In: Statistics and Probability
a) The meaning of an “interaction” term in a general linear model.
b) The importance of ensuring data points are independent.
c) The value of an orthogonal design.
d) The difference between a random and a fixed effect.
e) The difference between a general linear model and a generalized linear model
f) The difference between a Type I and Type II error.
a) The meaning of an “interaction” term in a general linear model.
An interaction term is that term which describes interactions or associations between two or more than two variables. An interaction occurs when an independent variable has a different effect on the outcome depending on the values of another independent variables , i.e the independent variables might interact with each other.
For example , we are working on a data about weight loss programe
let y denoted weigth of an indivisual which is dependent variable, and let boiled packed food and diet pill be two independent variables which are used in weight loss programe.

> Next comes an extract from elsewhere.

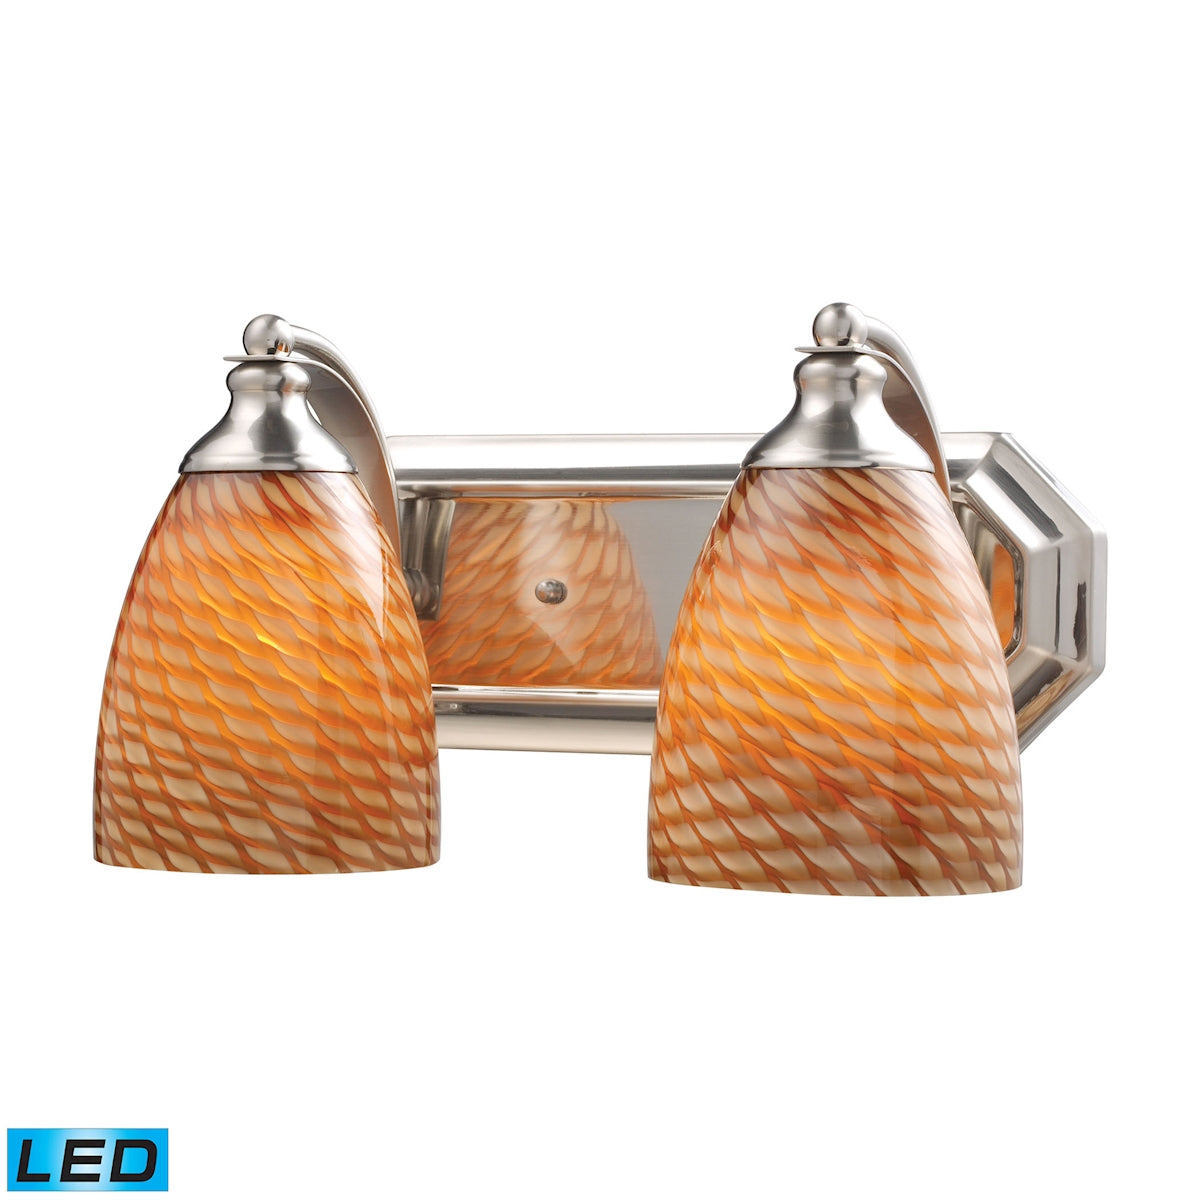 ELK Lighting 570-2N-C-LED Mix-N-Match Vanity 2-Light Wall Lamp in Satin Nickel with Cocoa Glass - Includes LED Bulbs

Now weigth may depend on only eating boiled packed food or taking diet pills only , or both independent variables i.e on interaction term of boiled packed food and diet pill . We can say that when boiled packed food is used with different dose or levels of diet pill helps in weigth reducing .
So we may add interaction term of boiled packed food and diet pill to our general linear model to get more information .
b) The importance of ensuring data points are independent.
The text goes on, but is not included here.